Required action =
Your reply should reproduce the data below without a single alteration, apart from dropping the images.

Data excerpt =
------

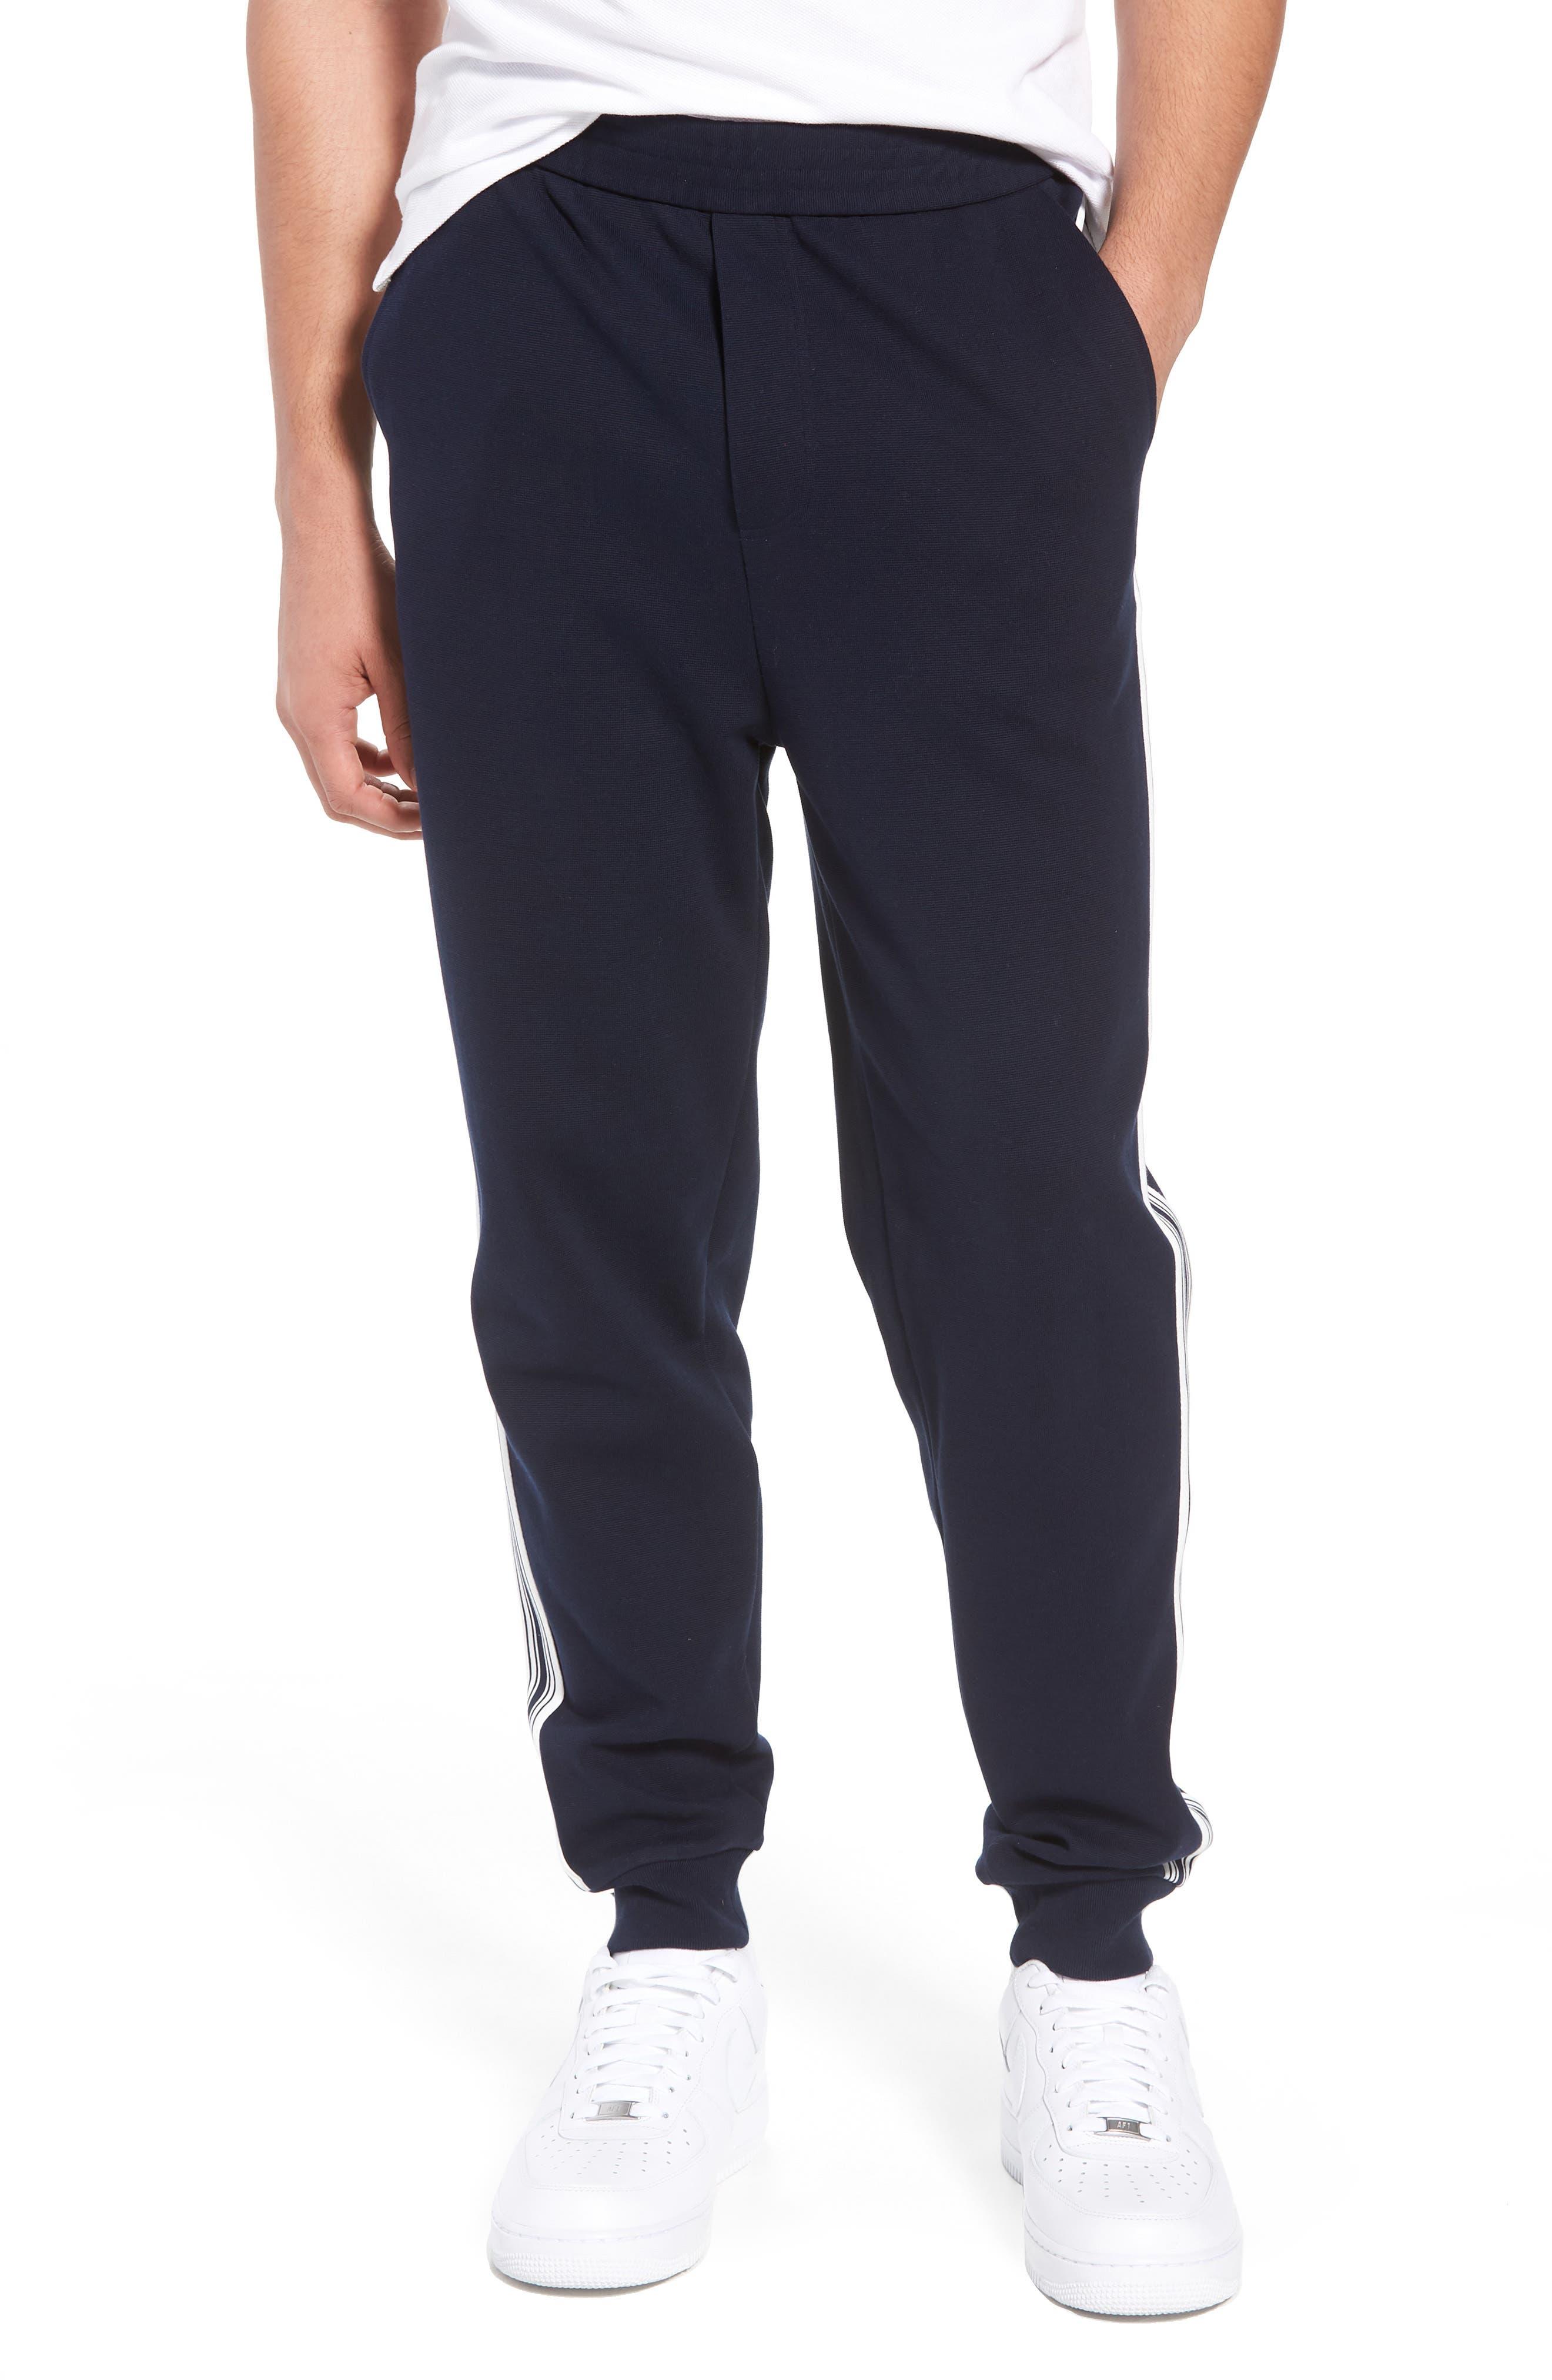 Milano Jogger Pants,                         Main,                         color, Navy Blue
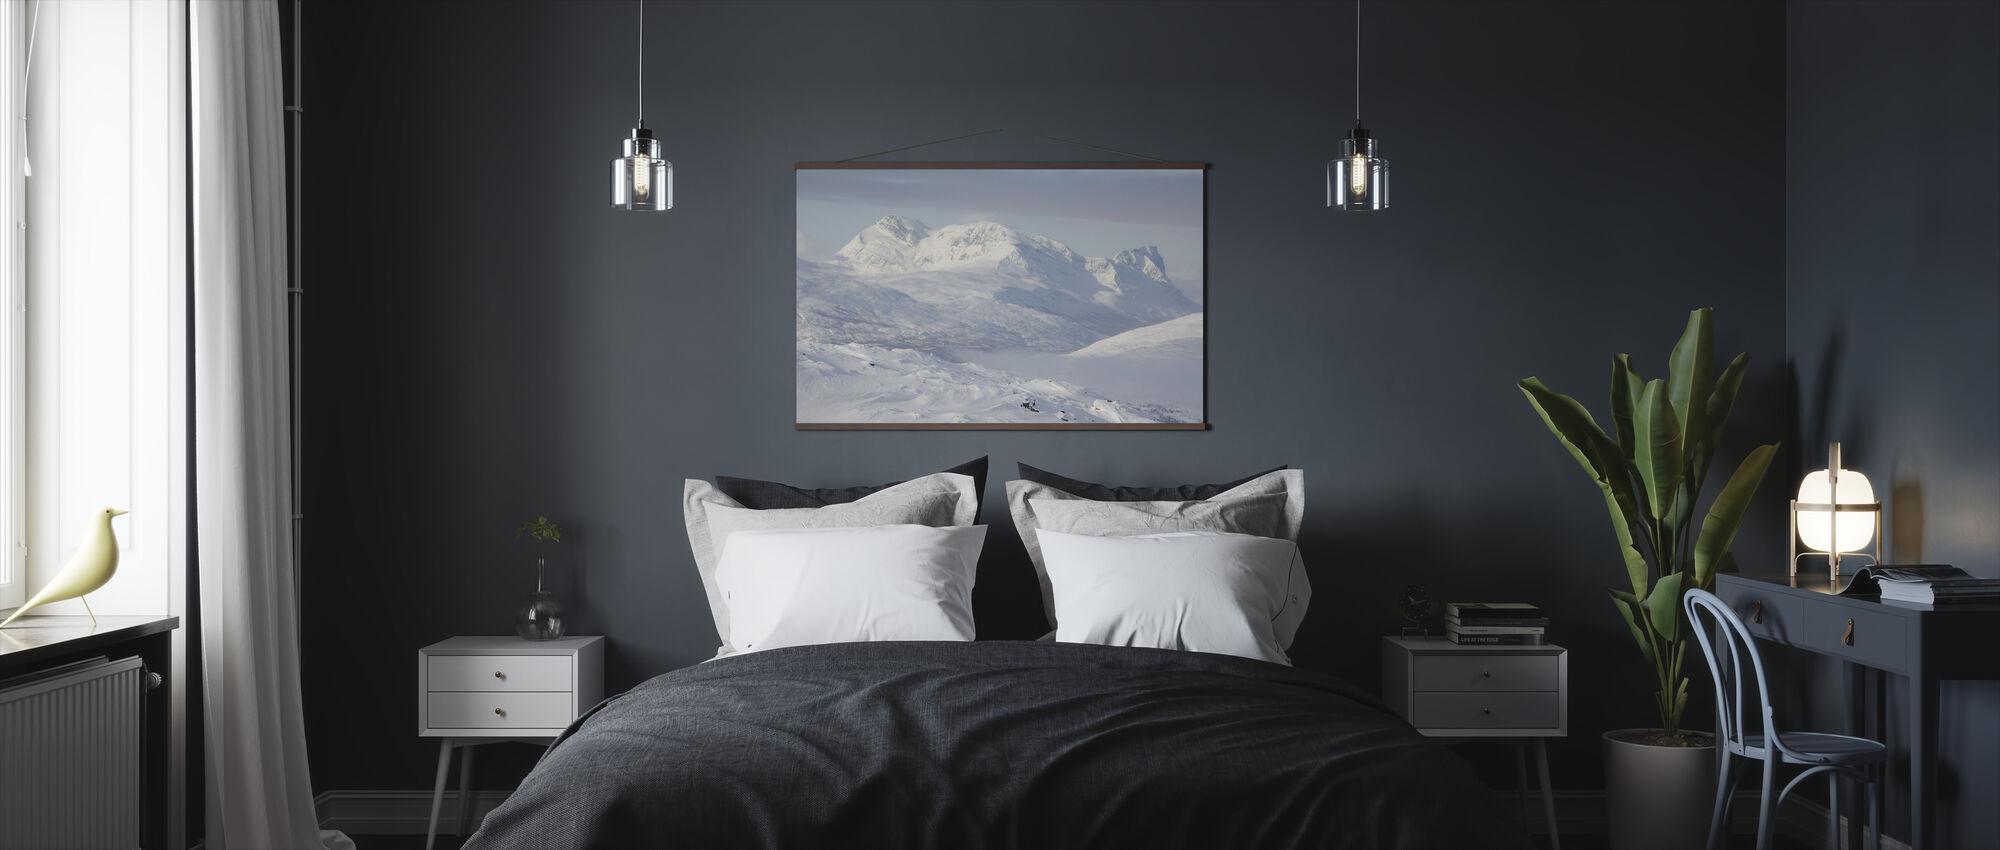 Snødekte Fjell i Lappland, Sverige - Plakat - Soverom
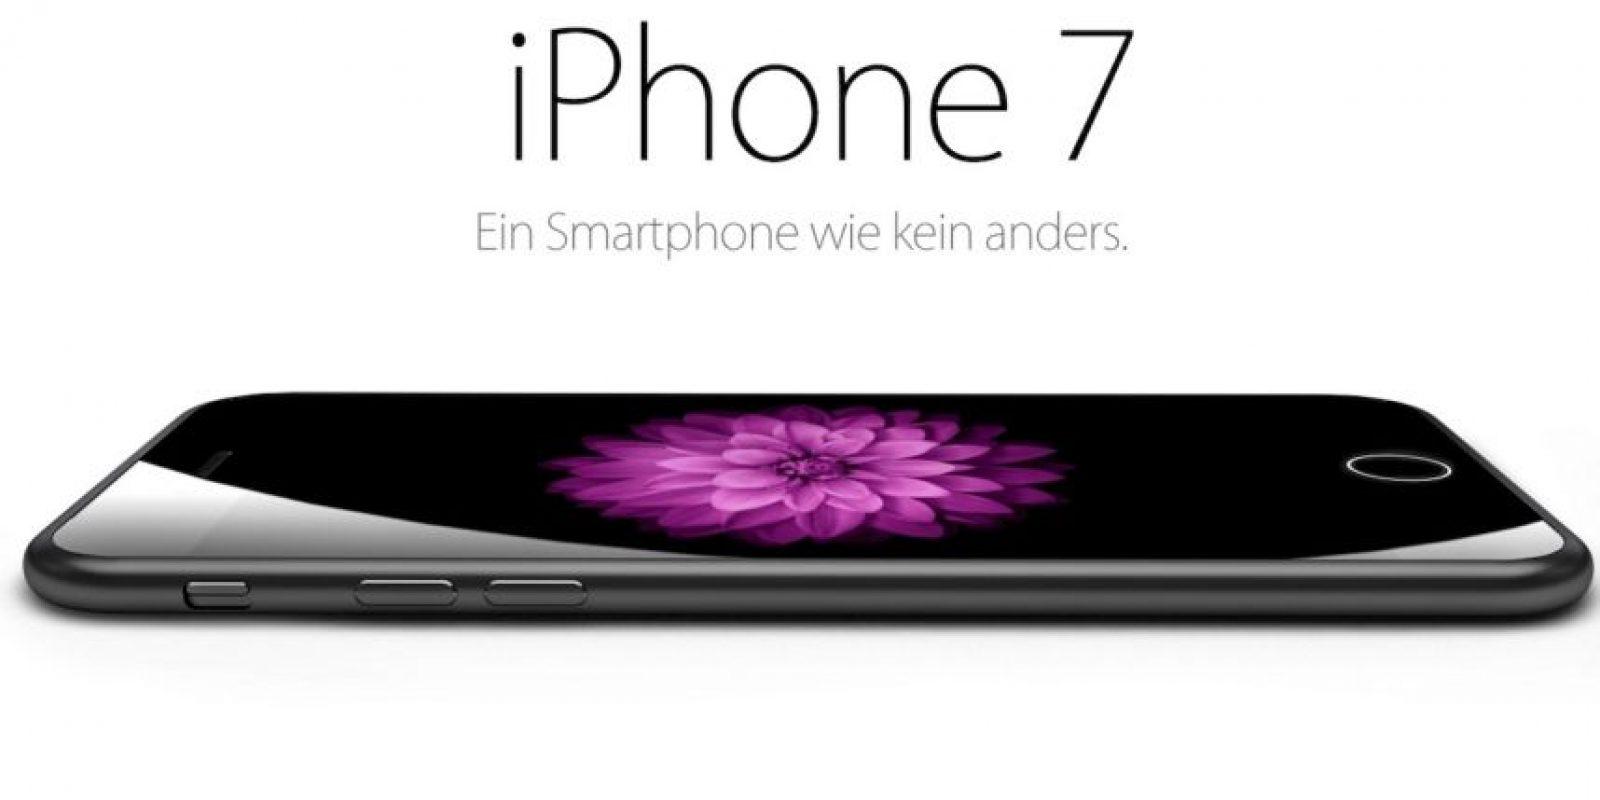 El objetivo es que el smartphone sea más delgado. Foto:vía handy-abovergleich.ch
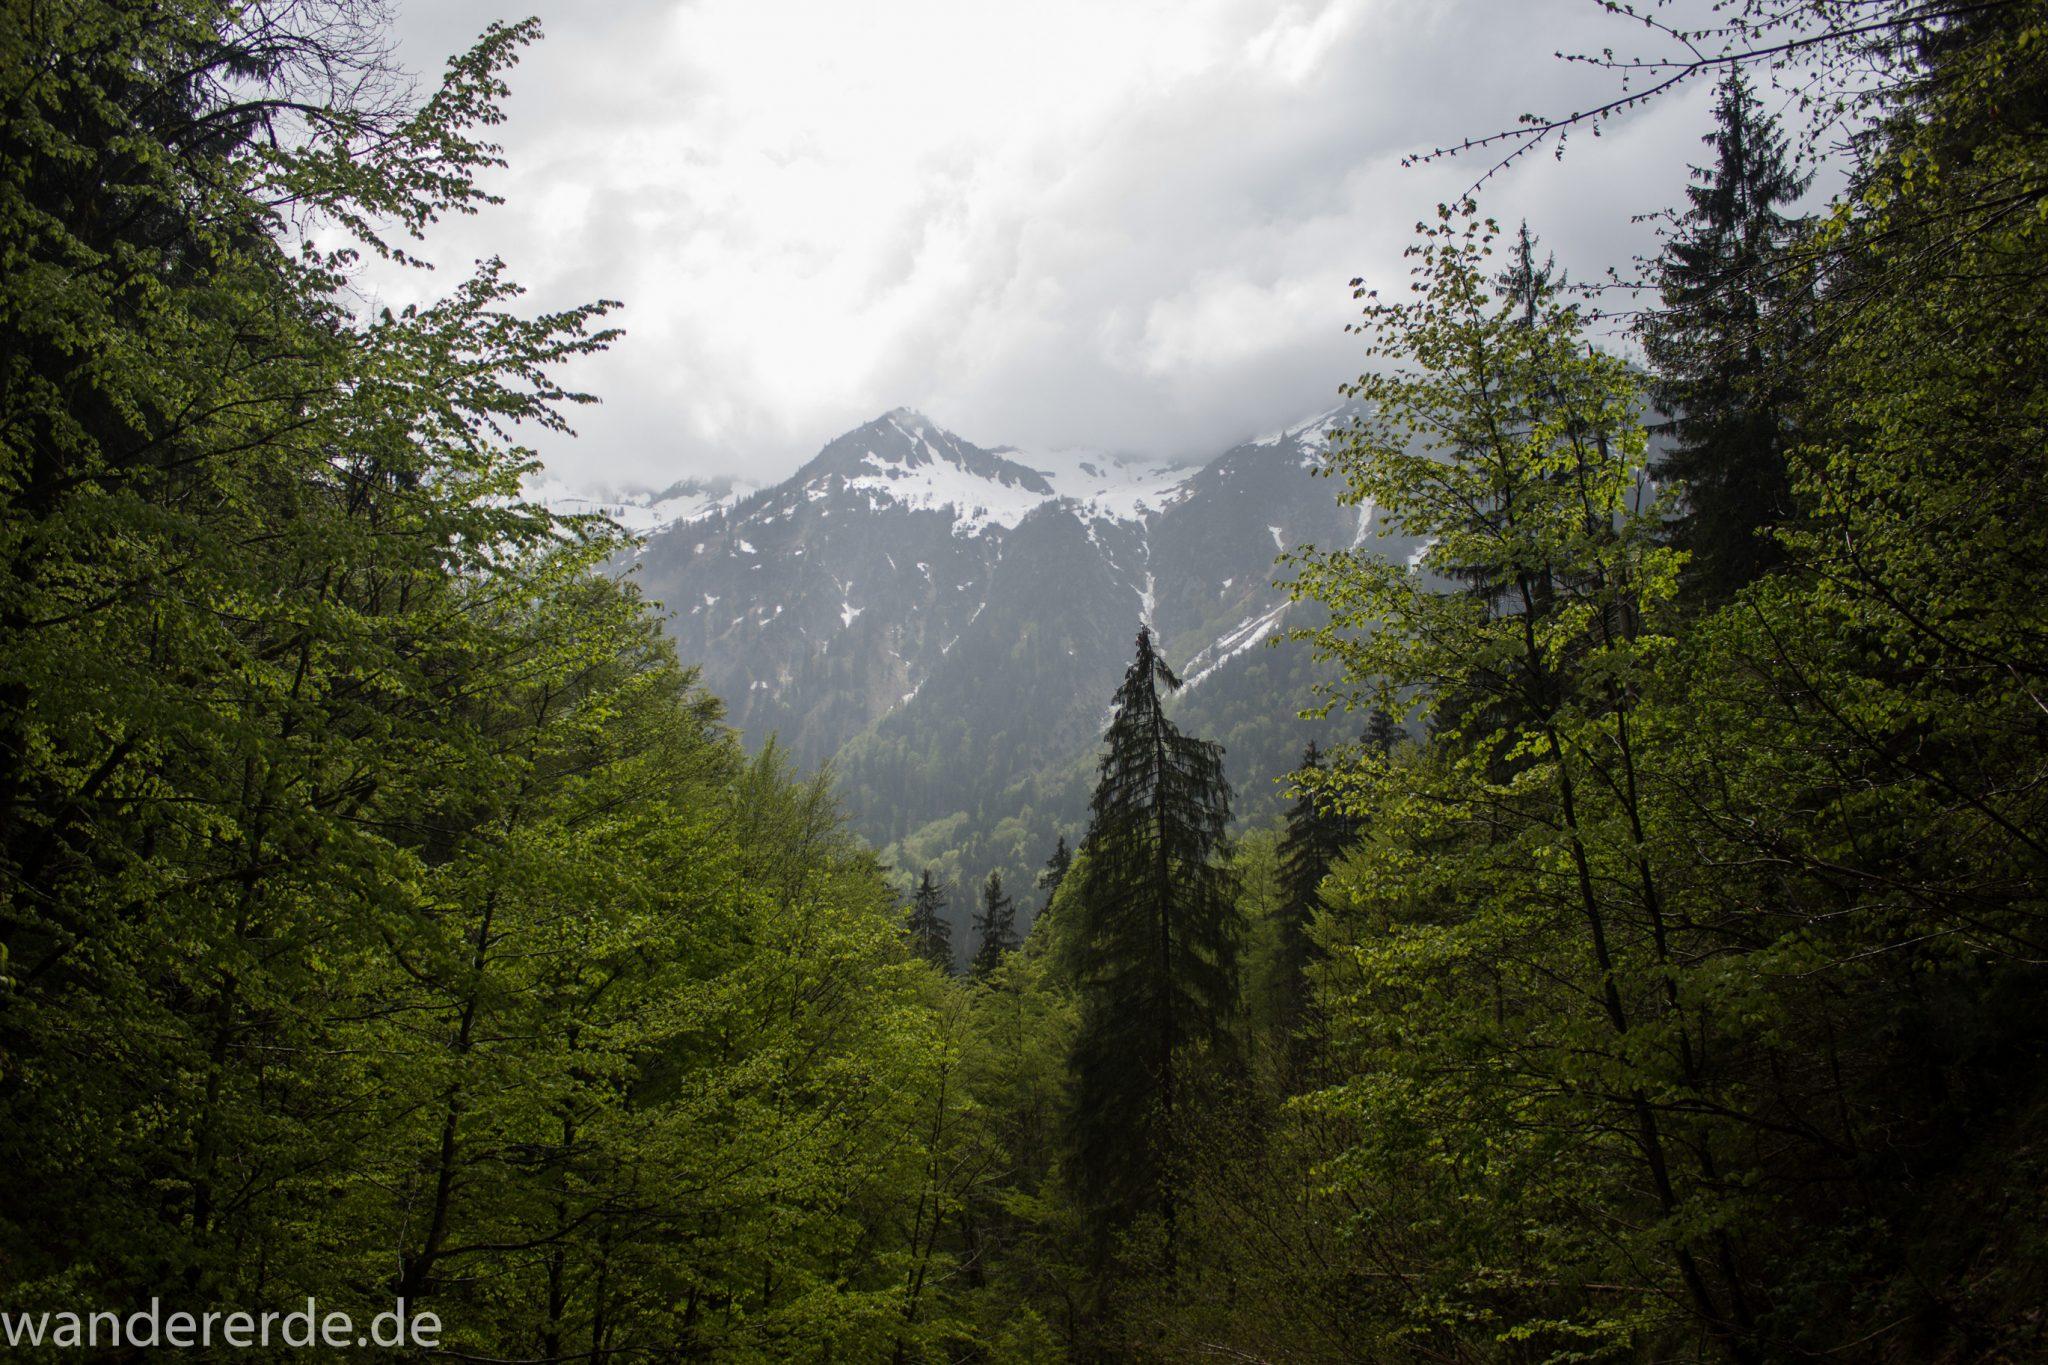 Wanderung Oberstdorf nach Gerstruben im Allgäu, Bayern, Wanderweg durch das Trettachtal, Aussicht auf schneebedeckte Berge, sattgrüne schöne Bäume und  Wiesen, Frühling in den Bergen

------

Written reply =
 Milano Jogger Pants,                         Main,                         color, Navy Blue
 Snødekte Fjell i Lappland, Sverige - Plakat - Soverom
 El objetivo es que el smartphone sea más delgado. Foto:vía handy-abovergleich.ch
 Wanderung Oberstdorf nach Gerstruben im Allgäu, Bayern, Wanderweg durch das Trettachtal, Aussicht auf schneebedeckte Berge, sattgrüne schöne Bäume und  Wiesen, Frühling in den Bergen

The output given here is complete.